■ RECORDED DATA ■
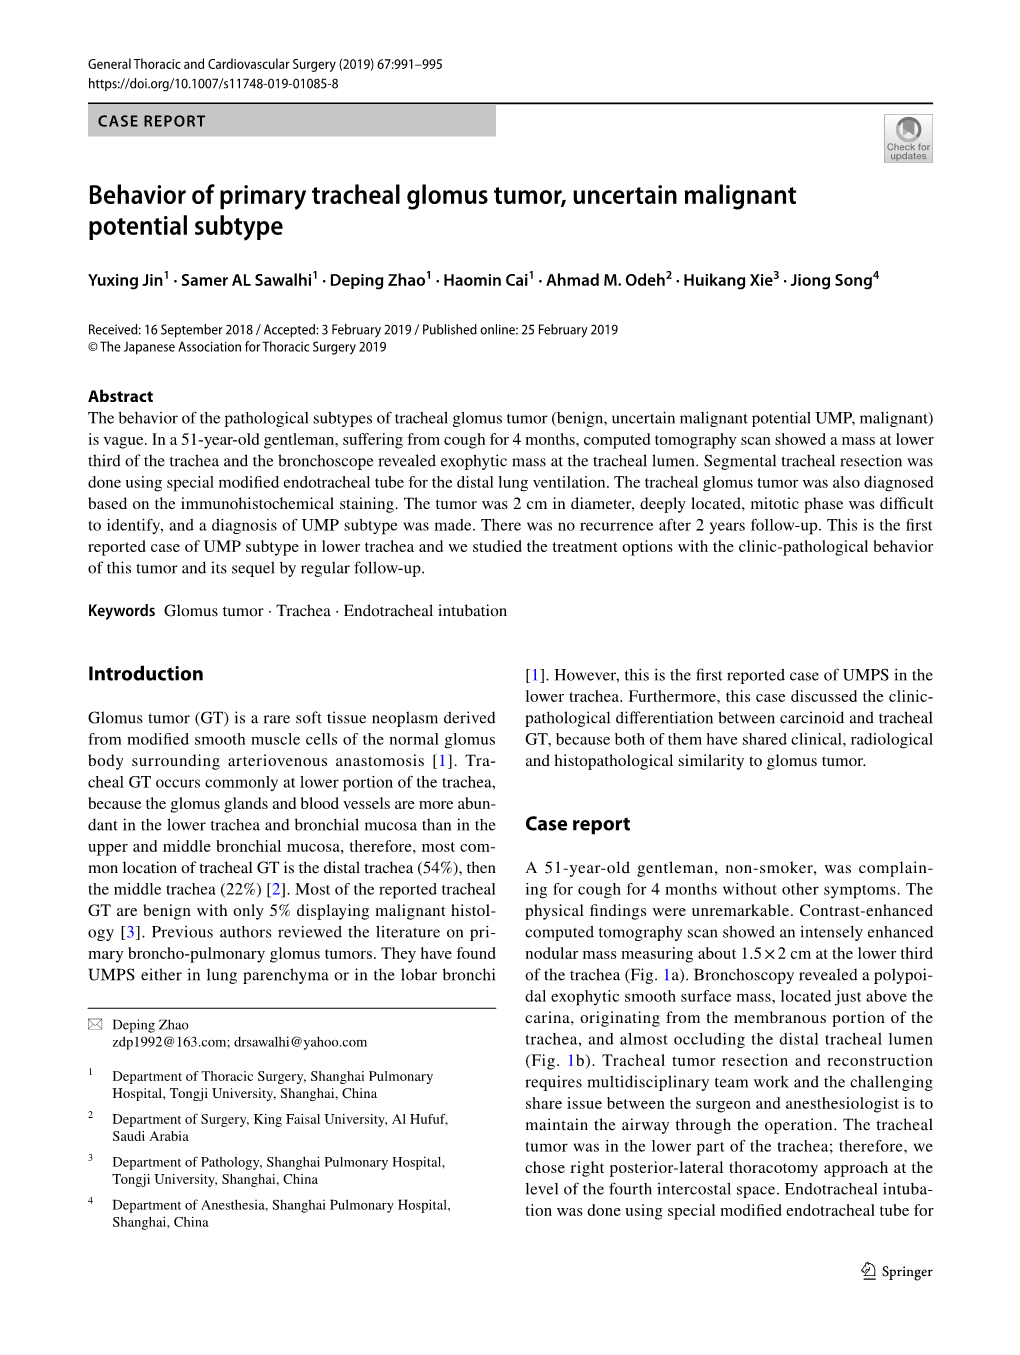 Behavior of Primary Tracheal Glomus Tumor, Uncertain Malignant Potential Subtype
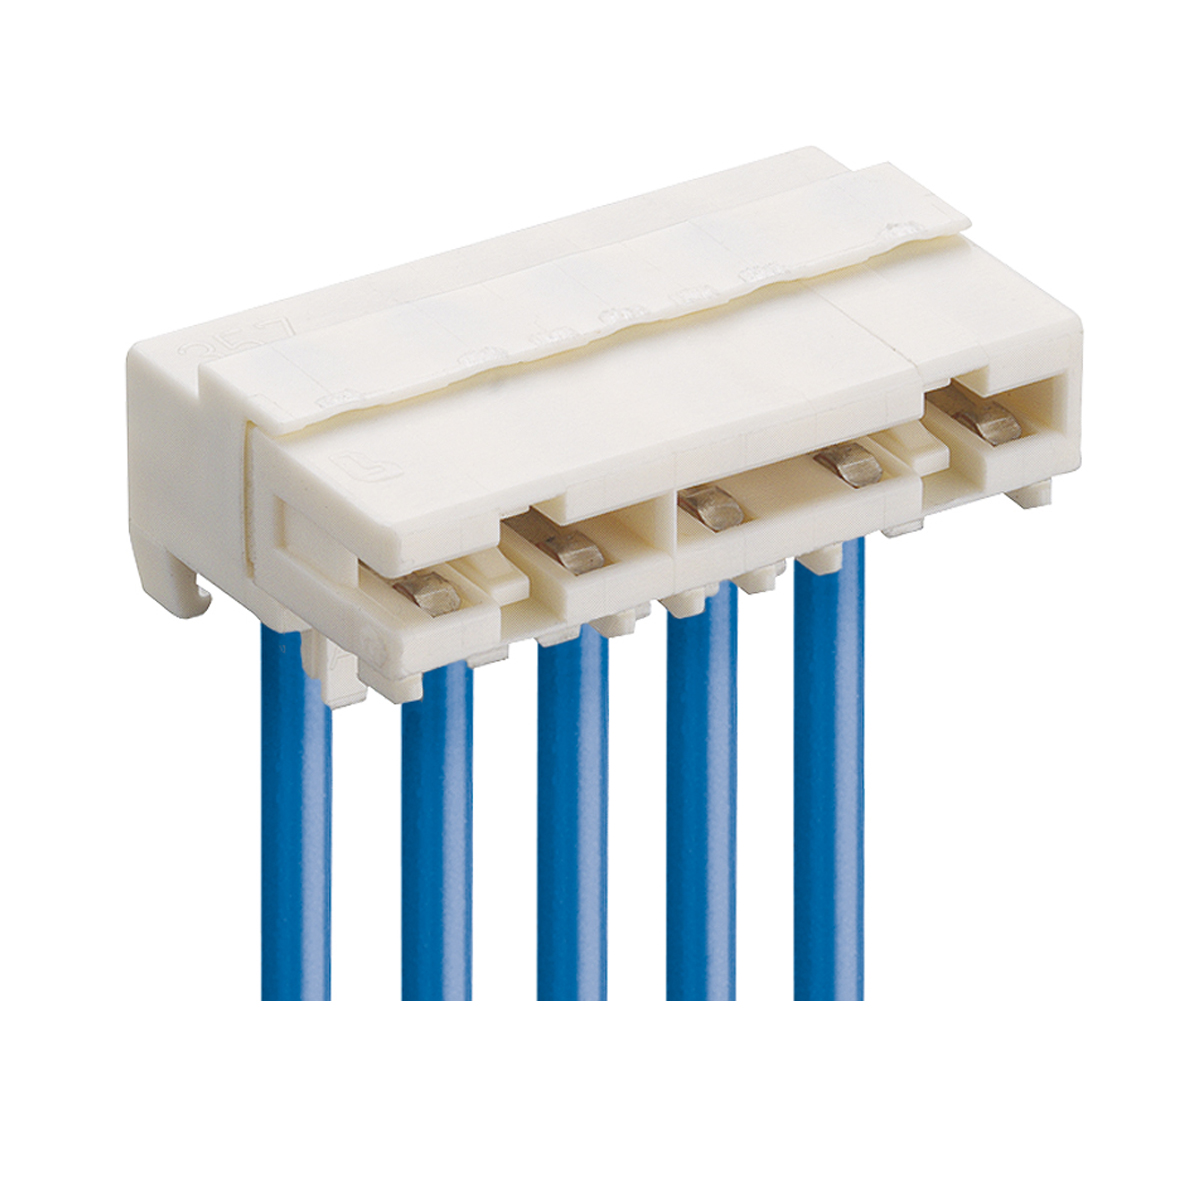 Lumberg: 3575 (Series 35 | RAST 2.5 connectors, pitch 2.5/5.0 mm)
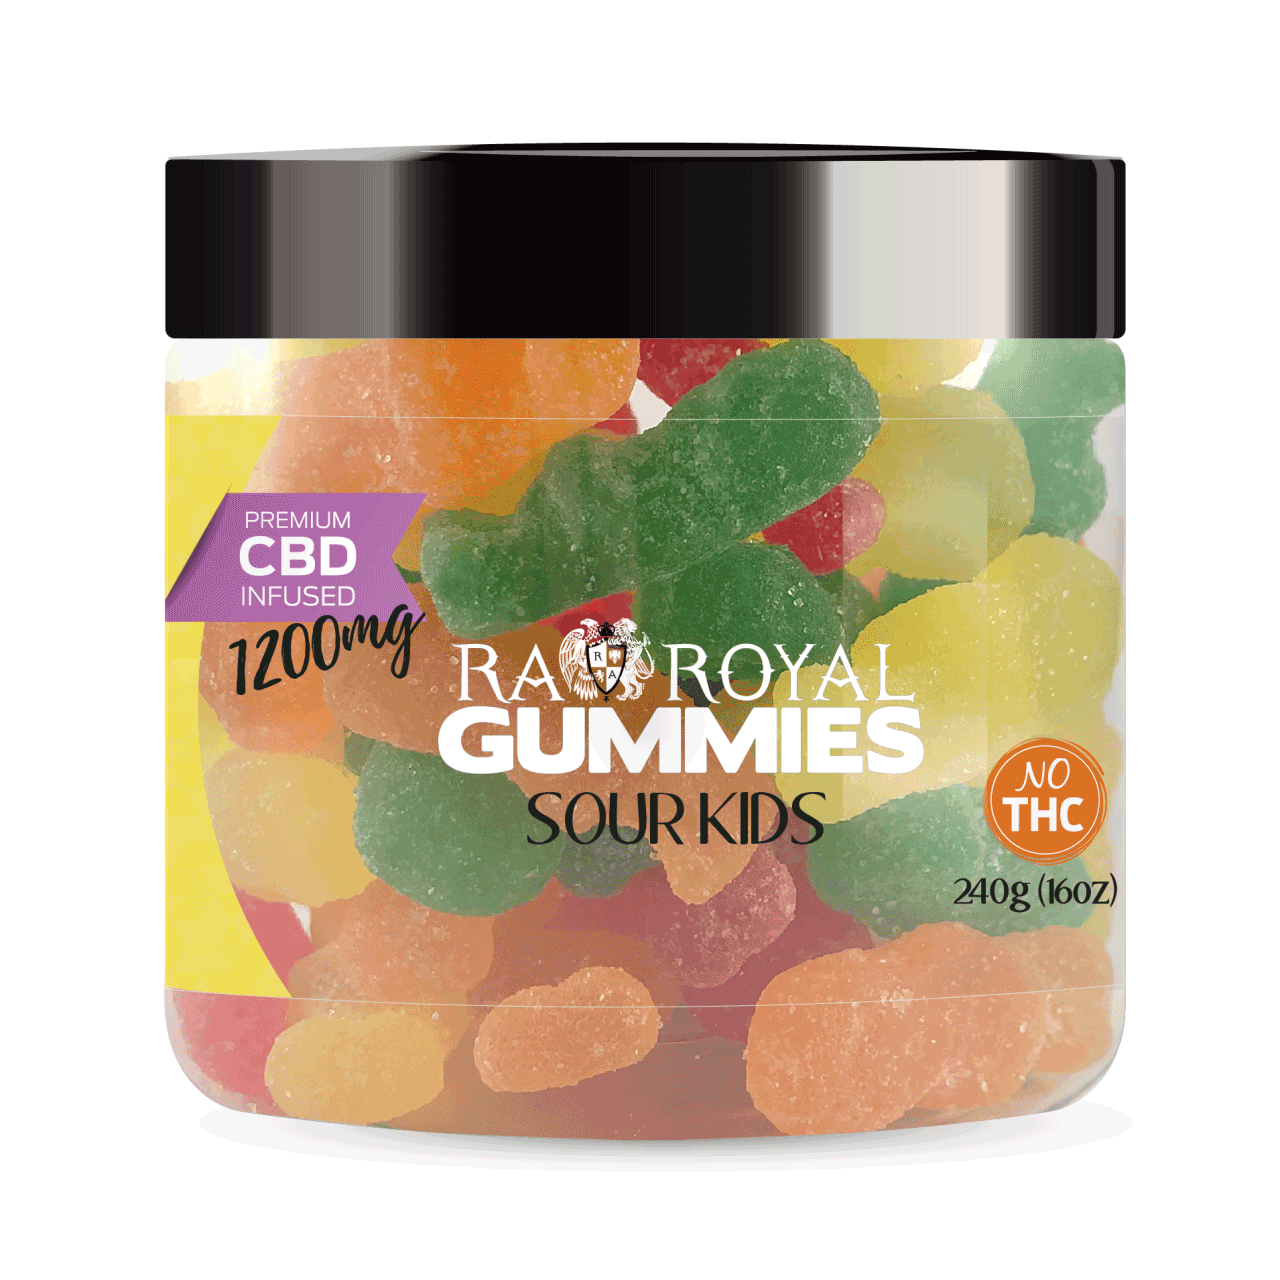 R.A. Royal Gummies 1200MG CBD Infused Sour Kids 63055.1571684391

■ TASK TO COMPLETE ■
Reproduce every line above exactly, pictures excluded.

■ COMPLETED TASK ■
 Behavior of Primary Tracheal Glomus Tumor, Uncertain Malignant Potential Subtype
 Lumberg: 3575 (Series 35 | RAST 2.5 connectors, pitch 2.5/5.0 mm)
 R.A. Royal Gummies 1200MG CBD Infused Sour Kids 63055.1571684391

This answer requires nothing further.